In Something about Etna, London-based artist Fipsi Seilern explores her fascination with volcanic landscapes, cowboys with disembodied limbs, alongside an underlying fear of crowds. Using colour pencils to draw directly onto untreated wood panels, the compositions oscillate between solitude and chaos: some figures sit isolated with skulls and miniature pigs, while others charge on horseback, guns drawn, with an imminent sense of eruption.

Drawing inspiration from mediaeval tapestries, Middle Eastern miniatures, and Japanese woodblock prints, her new body of work reflects a shift from her previous work blending Old Master copies and graffiti, revealing a more introspective and instinctive approach. This series offers a meditation on personal and collective anxieties through a distinct, surreal and unique visual language.

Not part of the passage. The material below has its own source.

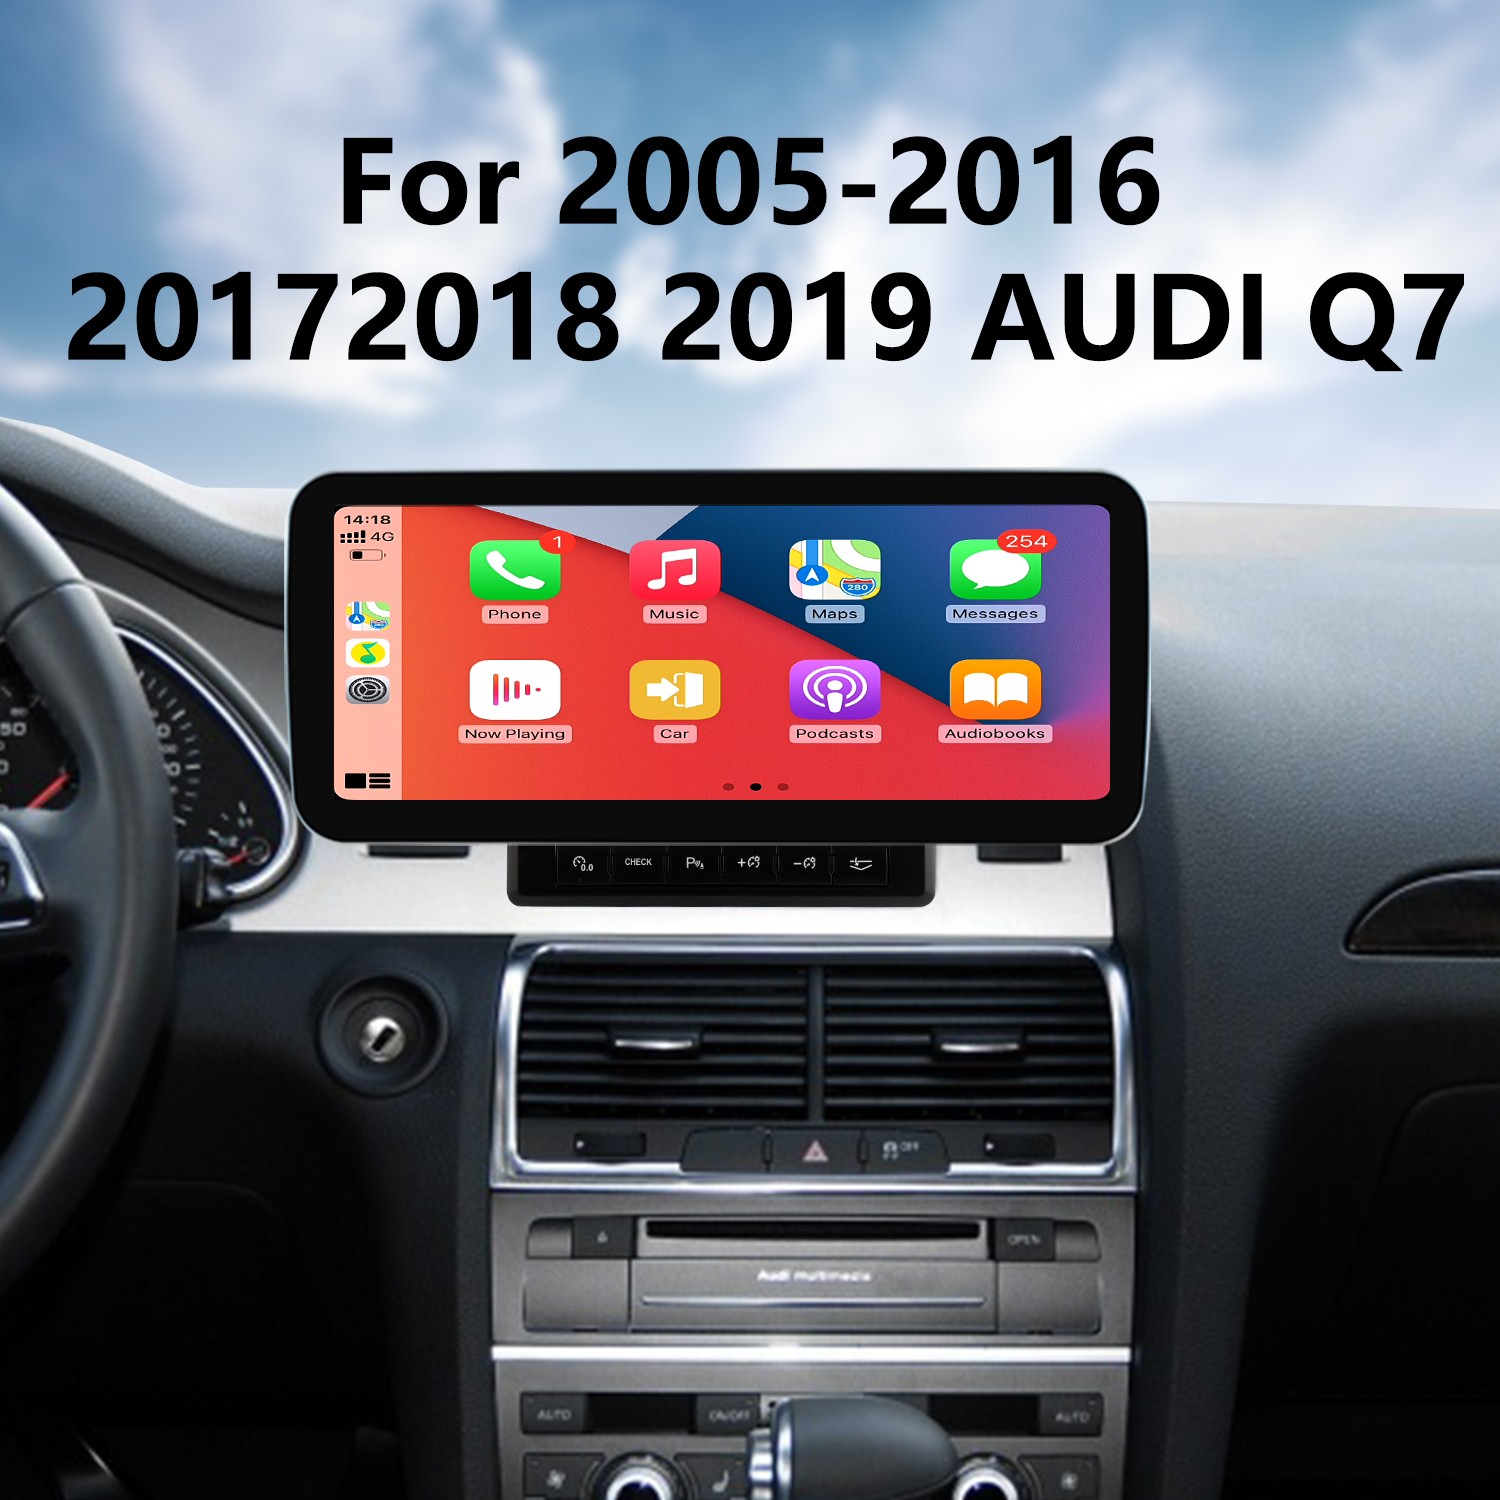 Car auto navigation 2005-2016 Radio replacement Q7 GPS system 2019 Android 2017 for Bluetooth touchscreen Carpay radio AUDI 2018

Born in the UK, Fipsi Seilern is a London based artist. Working across several mediums, she has exhibited in London, Berlin, New York, Vienna, Stockholm and Murcia.

Public interventions under the pseudonym PANG have shaped an ongoing dialogue between graffiti and classical painting.

She graduated with an MA in Fine Art at City and Guilds of London Art School in 2020.

Though the smallest bricks-and-mortar contemporary gallery in the UK, Liminal Gallery challenges the status quo, presenting the diverse and resonant voices of today’s artists from across the UK and Ireland. While historically women and minorities have been wildly underrepresented in the art world, we stand as proof that change is happening.